In GM crop approval practice, as in society in general, the conclusions on adverse effects and on their significance vary. This also pertains to subsequent requirements such as further experimental research, CSM or GS. Ultimately, however, decisions should be science-based , implying the use of data with sound statistical design and power (European Commission, 2001). Lövei and Arpaia (2005) and Perry et al. (2009) state that field studies for the ERA often lack such statistical design and power. Studies with NTOs to check for unexpected direct and/or indirect effects as previewed also by GMO Panel (2010) are largely missing.
Test species for NTOs risk assessment should be selected using a systematic, transparent, scientifically based and stepwise methodology as developed by the GMO ERA Guideline Project (Hilbeck and Andow, 2004; Hilbeck et al., 2006; Andow et al., 2008) and as refined by Hilbeck et al. (2008a). Furthermore, field sites for NTO testing should be selected to be representative for the receiving environments relevant to the market release as developed by Jänsch et al. (2010). Field studies should use plant material from the GMP and be performed in the laboratory, greenhouse or at the semi-field level, and in the field.
To date, the ERA in the application dossiers usually relies on tests originally developed and standardised for chemicals. These tests frequently do not examine the whole GM plants but only specific transgene products. Although this ecotoxicological testing concept is widely used, it does not fulfil the requirements of the Directive 2001/18/EC. A harmonised concept for ecotoxicological testing considering the whole GM plant characteristics is recommended, for example as outlined by Römbke et al. (2010). Furthermore, we recommend a more in-depth examination as to whether experimental data on specific potential adverse effects of GMHR sugar beet cultivation are scientifically-based and statistically sufficient to be upscaled (Breckling et al., 2009; Squire et al., 2009).
A general barrier to premarket tests and field studies is the research and publication control by GM seed companies. Under the threat of litigation, user agreements explicitly exclude the use of the seeds for any independent research (Waltz, 2009; Scientific American eds., 2009), and experimental results must be approved by the companies before being published. Thus, experimental data exhibiting potential adverse effects may not be made public and cannot enter the ERA process.

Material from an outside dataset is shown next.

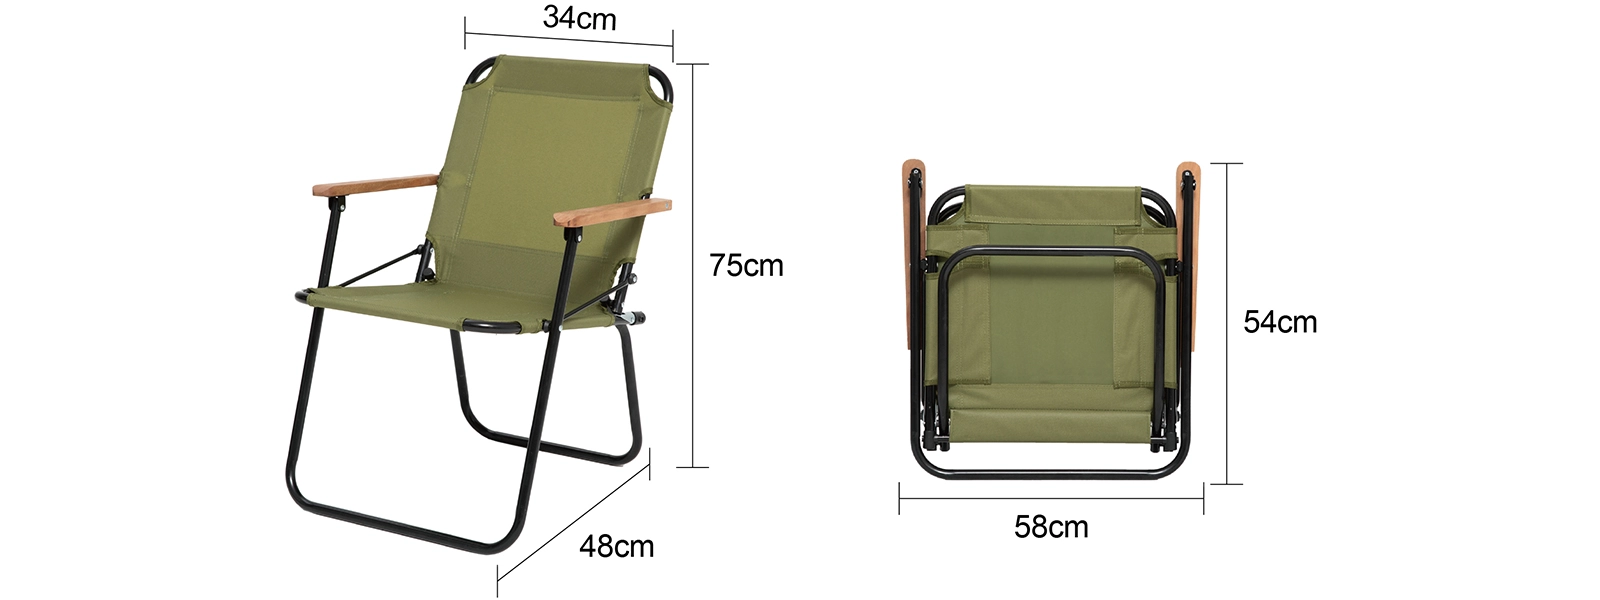 details of Lightweight Camping folding Chair/Beach Chair in Kermit Style with Wood Armrest

If potential adverse effects identified in the ERA are selected for further PMEM (Figure 3*), this also requires statistical multi-scale designs (Firbank et al., 2003; Stein and Ettema, 2003); this includes determining the environmental baseline status (European Commission, 2002) to identify adverse effects in a CSM and in GS. Science-based PMEM approaches are available (Graef et al., 2005a,b; Züghart et al., 2008) and should be carried out in a coordinated and harmonised way (Finck et al., 2006; Graef et al., 2008). The PMEM requires both static and flexible elements because agricultural systems are dynamic. They need to be adaptive as new information emerges (Lindemayer and Likens, 2009) and should feed back on the ERA as monitoring data becomes available.